In the last few years, more and more articles have underlined the value of trichoscopy in the diagnosis of alopecia due to hair shaft abnormalities with hair fragility. In these cases, trichoscopy provides an immediate diagnosis and avoids a biopsy for histopathological study.


Trichoscopy in Hair Shaft Disorders, by Rudnicka L, Olszewska M, Waśkiel A, Rakowska A. (Dermatol Clin. 2018)  https://pubmed.ncbi.nlm.nih.gov/30201151/
 

The normal scalp hair shaft is uniform in color and thickness throughout its length. Dark hair shafts are usually better visualized on trichoscopy compared to light-colored hairs. Hair shaft diameter varies from thin to normally thick. Terminal hairs are more than 55 µm wide, but there is variability in thickness among different populations as well as in a single person. Terminal hairs represent about 90% of normal human scalp hairs, the remaining 10% being normally represented by vellus hairs, defined as hypopigmented, nonmedullated hairs less than 30 µm thick and less than 2-3 mm long (Fig.1). 

Dr Bianca Maria Piraccini

Fig. 1 Trichoscopy of a normal scalp in the vertex area. Groups of 2-3 terminal hair shafts of regular thickness and shape emerge from the ostia. Note the presence of few intermediate and vellus hair which are a normal finding.

The length, shape and diameter of the hair shaft is modified in the different types of hair loss and the recognition of these morphological changes is often a clue for diagnosis. 

This is particularly true in genetic hair shaft disorders, where trichoscopy has substituted hair shaft microscopy and histopathology (Dermatoscopy of hair shaft disorders, by Miteva M, Tosti A. (J Am Acad Dermatol. 2013)https://pubmed.ncbi.nlm.nih.gov/22940404/. 

GENETIC HAIR SHAFT ABNORMALITIS WITH INCREASED FRAGILITY

Genetic abnormalities of the hair shaft usually involve scalp hair, but sometimes may involve other terminal hair, seldom all body hair. They are usually evident already at birth or after a few months.

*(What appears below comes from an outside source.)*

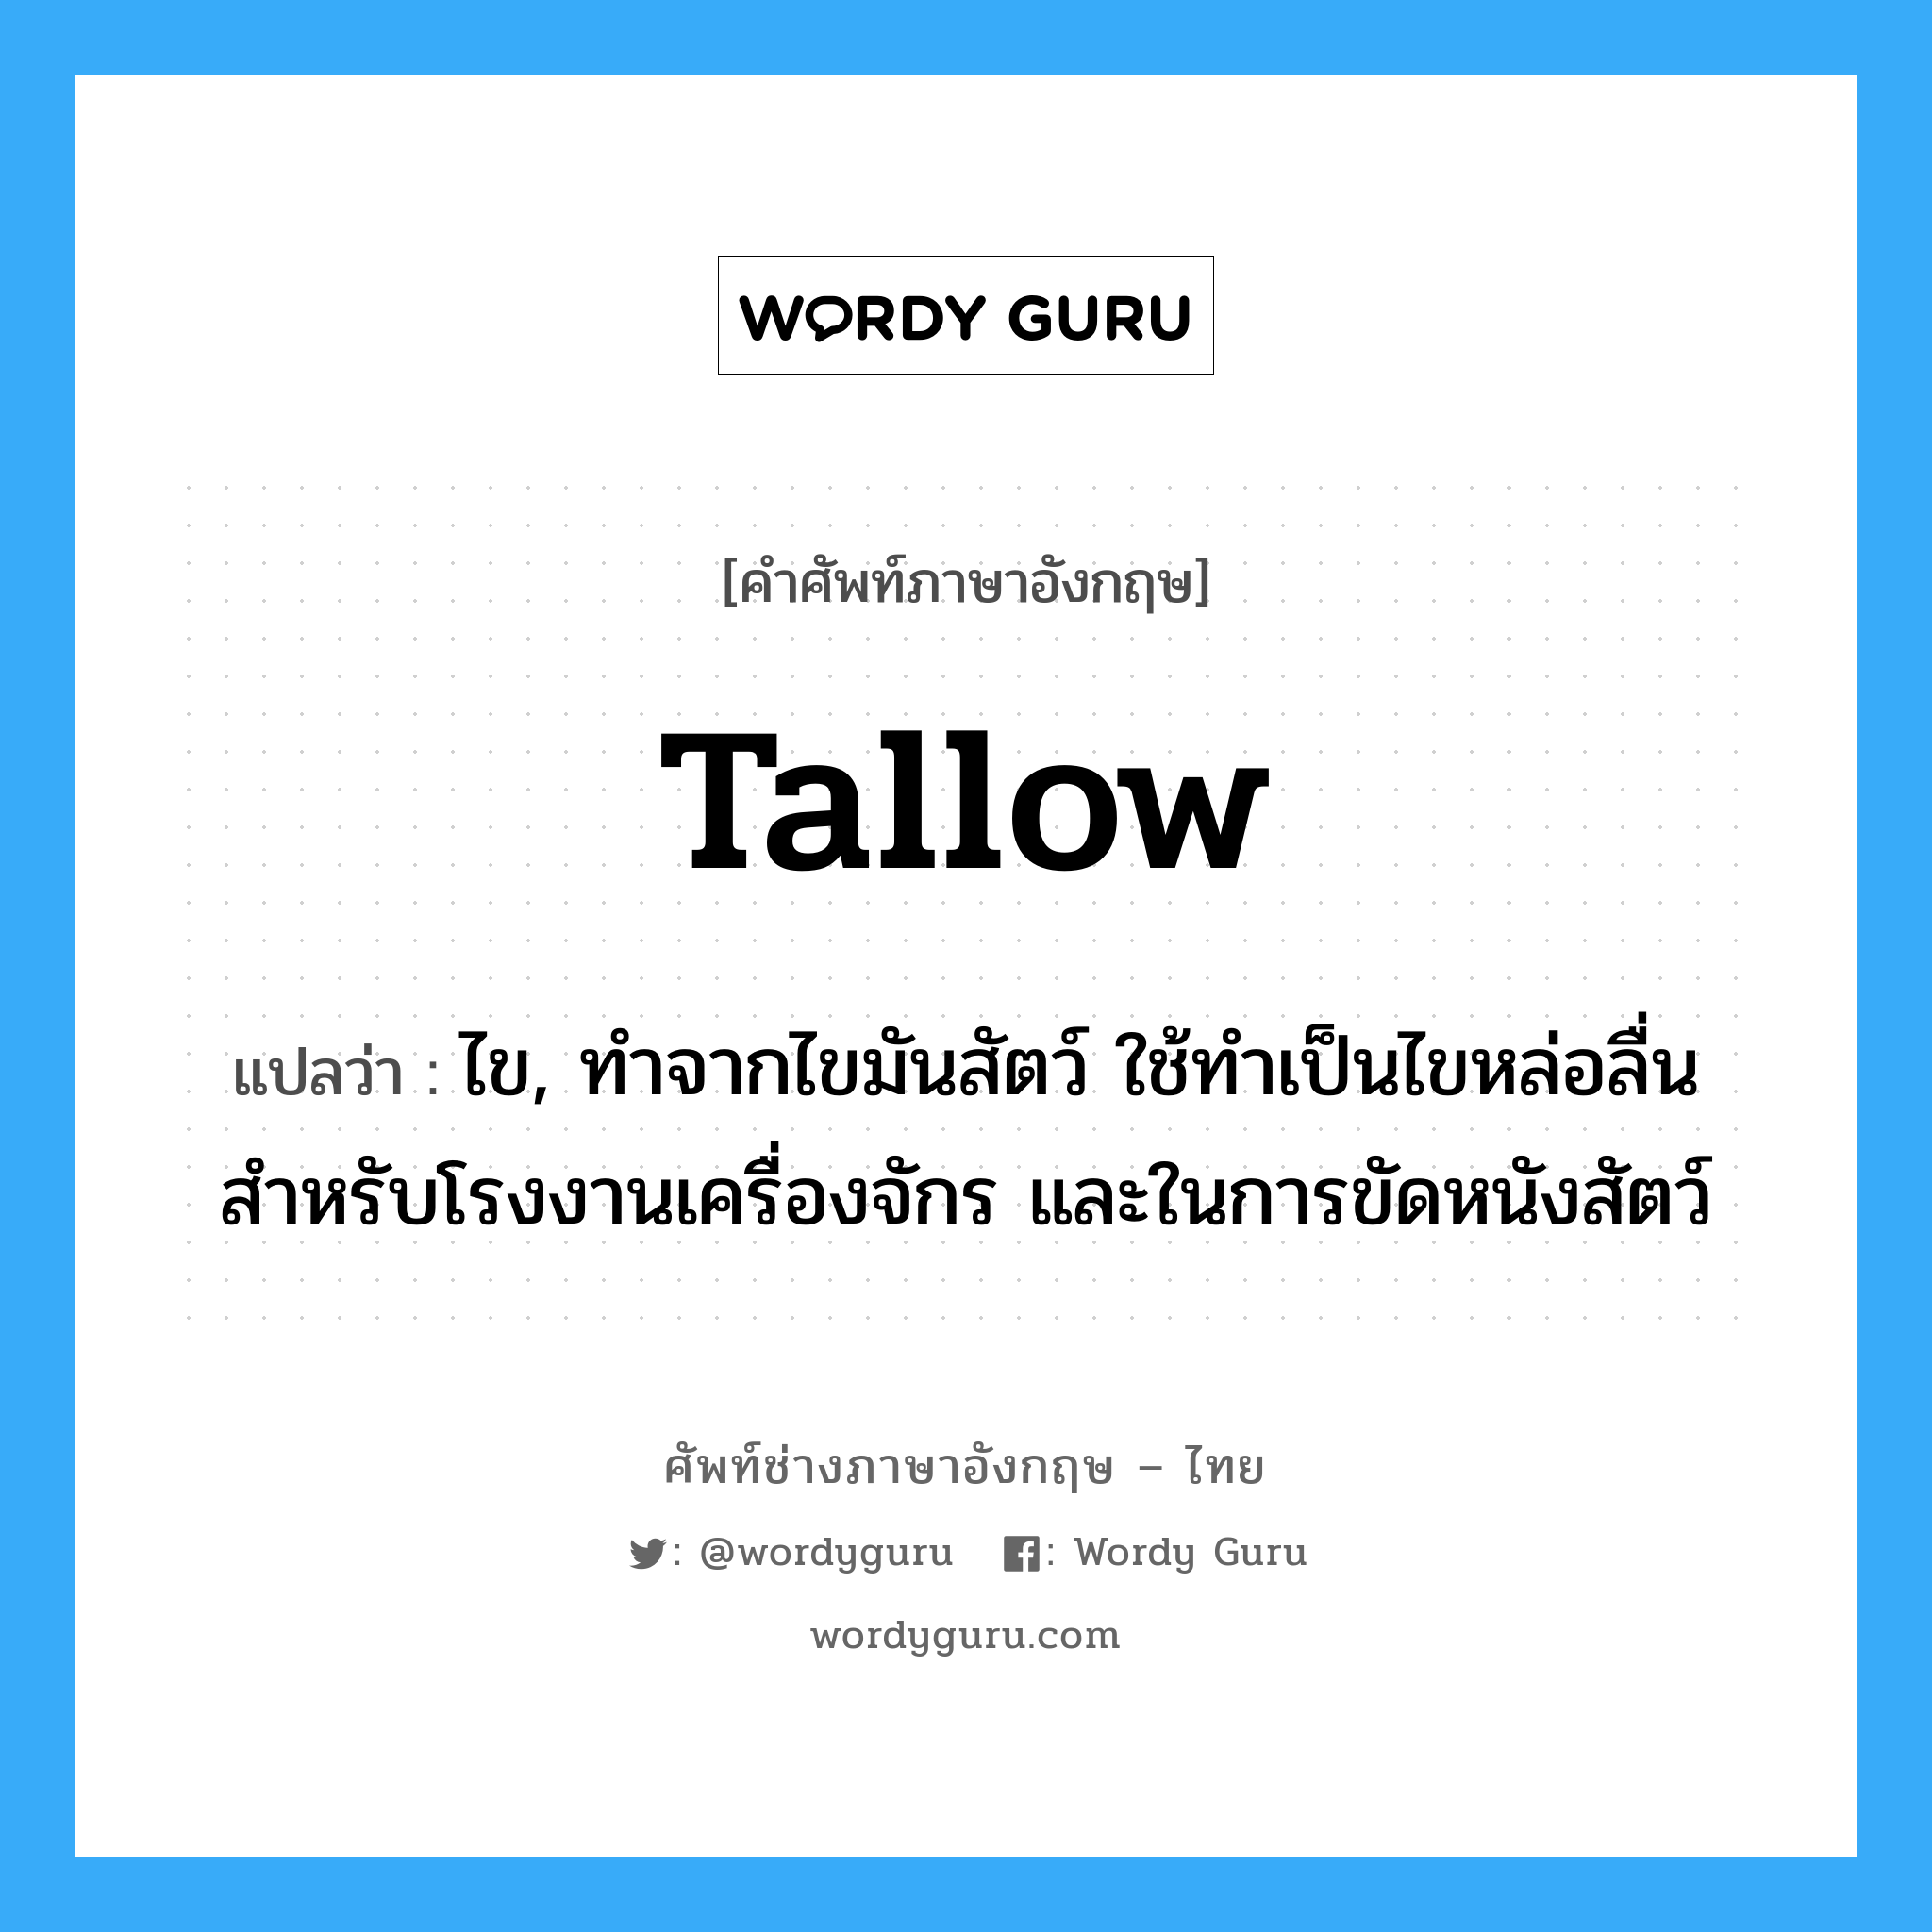 tallow แปลว่า?, คำศัพท์ช่างภาษาอังกฤษ - ไทย tallow คำศัพท์ภาษาอังกฤษ tallow แปลว่า ไข, ทำจากไขมันสัตว์ ใช้ทำเป็นไขหล่อลื่นสำหรับโรงงานเครื่องจักร และในการขัดหนังสัตว์

They can be classified into 2 groups:

1. abnormalities of the hair shaft associated with increased fragility. Increased fragility determines shaft fractures, with subsequent alopecia of variable degree (moniletrix, congenital trichorrexis nodosa, trichorrhexis invaginata, pili torti, trichothiodystrophy);
2. abnormalities of the hair shaft not associated with increased fragility. In these conditions hair has a normal length, but an abnormal appearance. In some cases, hair abnormalities are scarcely noticeable and do not cause cosmetic problem.

Two congenital abnormalities of the hair shaft associated with increased fragility can be seen during routine dermatological visit and can be easily diagnosed by a manual dermatoscope, due to the unique and characteristic aspect of the hair shafts: monilethrix and trichorrexis invaginata. 

Monilethrix

Monilethrix is a rare hereditary condition characterized by fragile hair with typical beaded appearance, like the beads of a necklace. The name monilethrix derives from the Latin word for necklace (monile) and the Greek word for hair (thrix).

The condition is transmitted as an autosomal dominant trait with incomplete penetrance and variable expressiveness. Several families have shown mutation of genes which encode hard keratins KRT81, KRT83 and KRT86, which are primarily expressed in cortical trichocytes. Shaft abnormalities in fact are the consequence of a structural defect of cortical cells that lead to the presence of periodic narrowing of hair shaftalternated with elliptical nodes. The regular alternation (0.7-1 mm) of nodes and narrowing resembles a pearl necklace (Fig.2). Microscopy highlights the absence of the medulla in the internodes: the latter are therefore the abnormal portions as well as those where the shaft breaks.